We sincerely thank Pagnoni et al1 for their thoughtful and constructive comments on our paper concerning the use of sacubitril / valsartan in patients with pulmonary hypertension due to heart failure with preserved ejection fraction (HFpEF‑PH).
We agree that our observations are preliminary and descriptive by nature, and that the limitations related to the small sample size and absence of a control group require confirmation in larger, prospective studies. We would like to emphasize that our aim was not to present final results of a clinical trial, but rather preliminary findings that represent part of a larger ongoing project.
The aim of the ongoing project is a comprehensive assessment of patients with HFpEF‑PH at baseline and after 3 months of standard therapy supplemented with angiotensin receptor–neprilysin inhibitor (ARNI) treatment. The project does not involve a control group, although it certainly is an important element of randomized controlled trials. Despite some differences in clinical characteristics, the patients presented with stable HFpEF and received pharmacotherapy according to the European Society of Cardiology recommendations,2 including optimal doses of diuretics and sodium‑glucose cotransporter 2 inhibitors.
The key strength of the project is that the clinical assessment was verified through invasive testing. This approach is of particular importance in HFpEF, and is obligatory for the diagnosis of PH. There are very few similiar data available in the literature.
We believe that our preliminary observations were significant enough to be published.3 In each of the 5 consecutive cases included in the study, we observed a clinically meaningful reduction in pulmonary pressure and an improvement in functional status, which pointed to potential beneficial effects of ARNI therapy in the studied population.
The echocardiographic parameters mentioned in the letter1 are only indirect markers of objective left ventricular (LV) filling conditions and pulmonary pressure. These data were also analyzed in our study, and no significant changes were observed in pulmonary artery wedge pressure or echocardiographic indices of LV filling (E/e′ ratio, left atrial volume index) after ARNI therapy.

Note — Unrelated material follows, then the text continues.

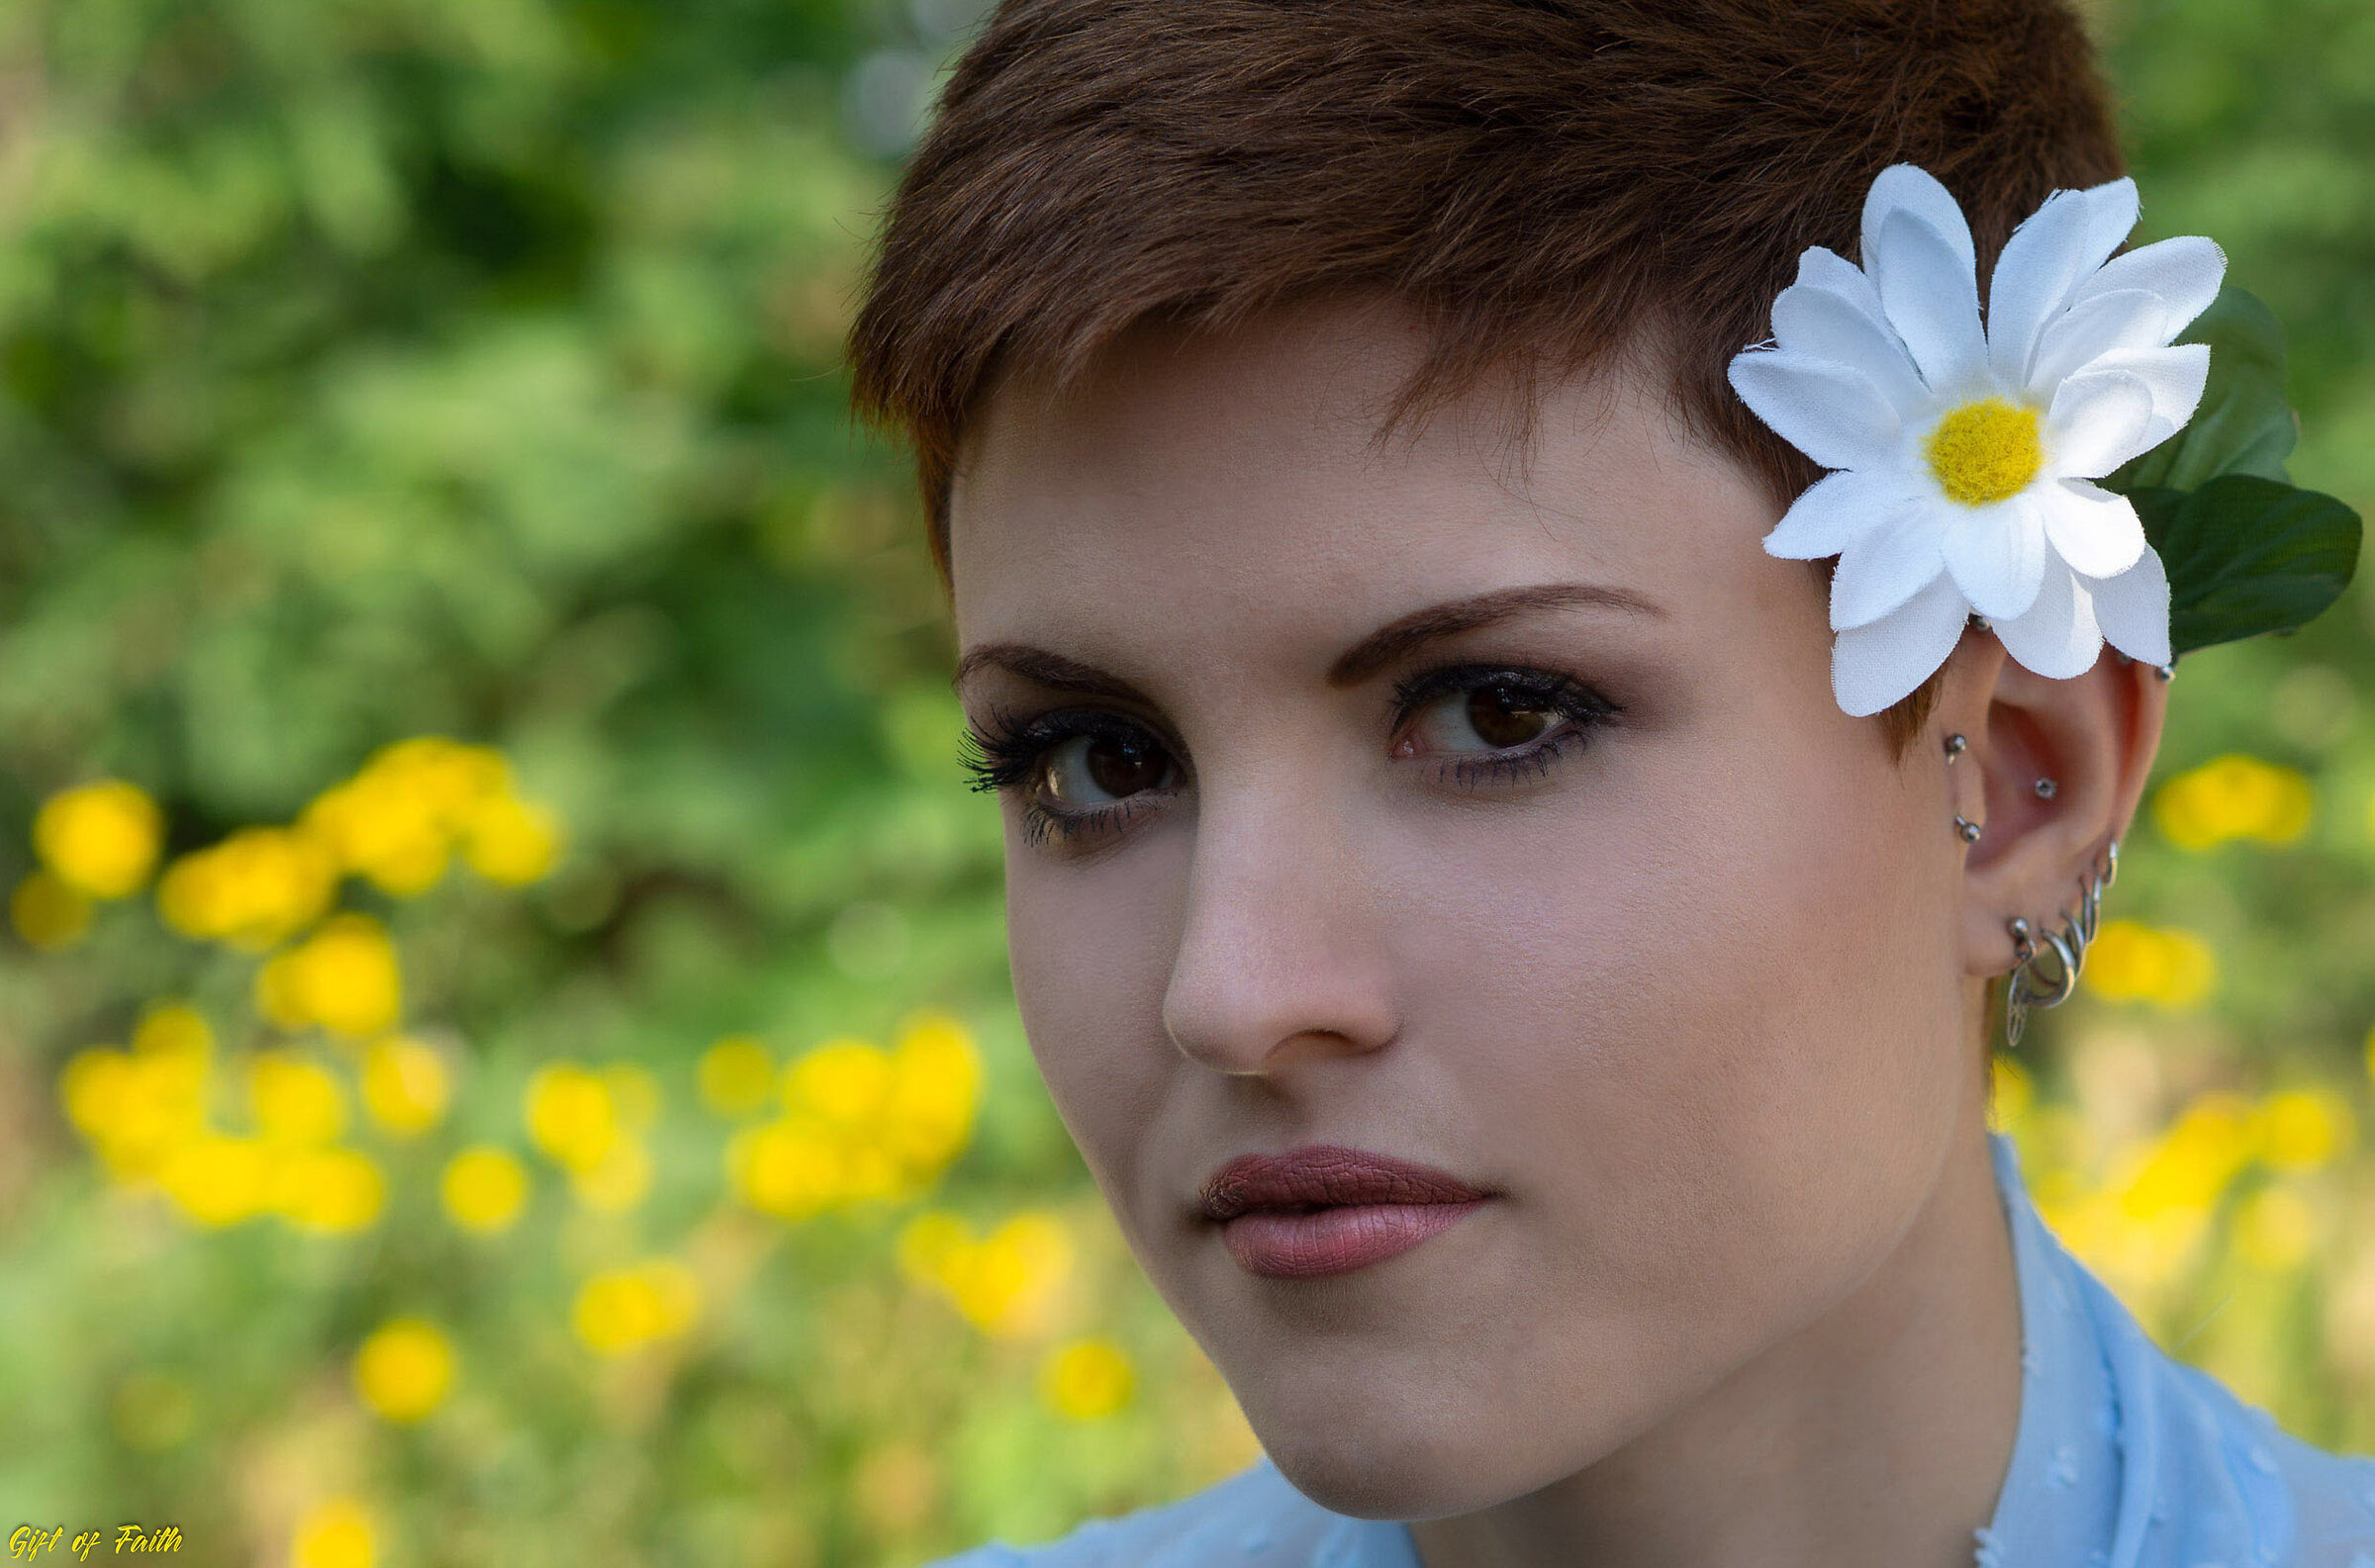 A Flower between flowers...

We would like to express our sincere gratitude to the authors of the letter for presenting pathophysiological hypotheses that might explain our observations. This is a valuable, literature‑based contribution that we will take into account when analyzing biomarkers in our study population.
We acknowledge that, due to a small number of patients and a lack of a control group, our results should be regarded as descriptive and hypothesis‑generating. However, our intention was to highlight a novel, interesting, invasively confirmed phenomenon, which serves as a starting point for further, more structured research into the mechanisms and scope of potential benefits of ARNI therapy in HFpEF‑PH.4
We appreciate your constructive feedback and inspiring references, which will undoubtedly help us in planning the next stages of our work.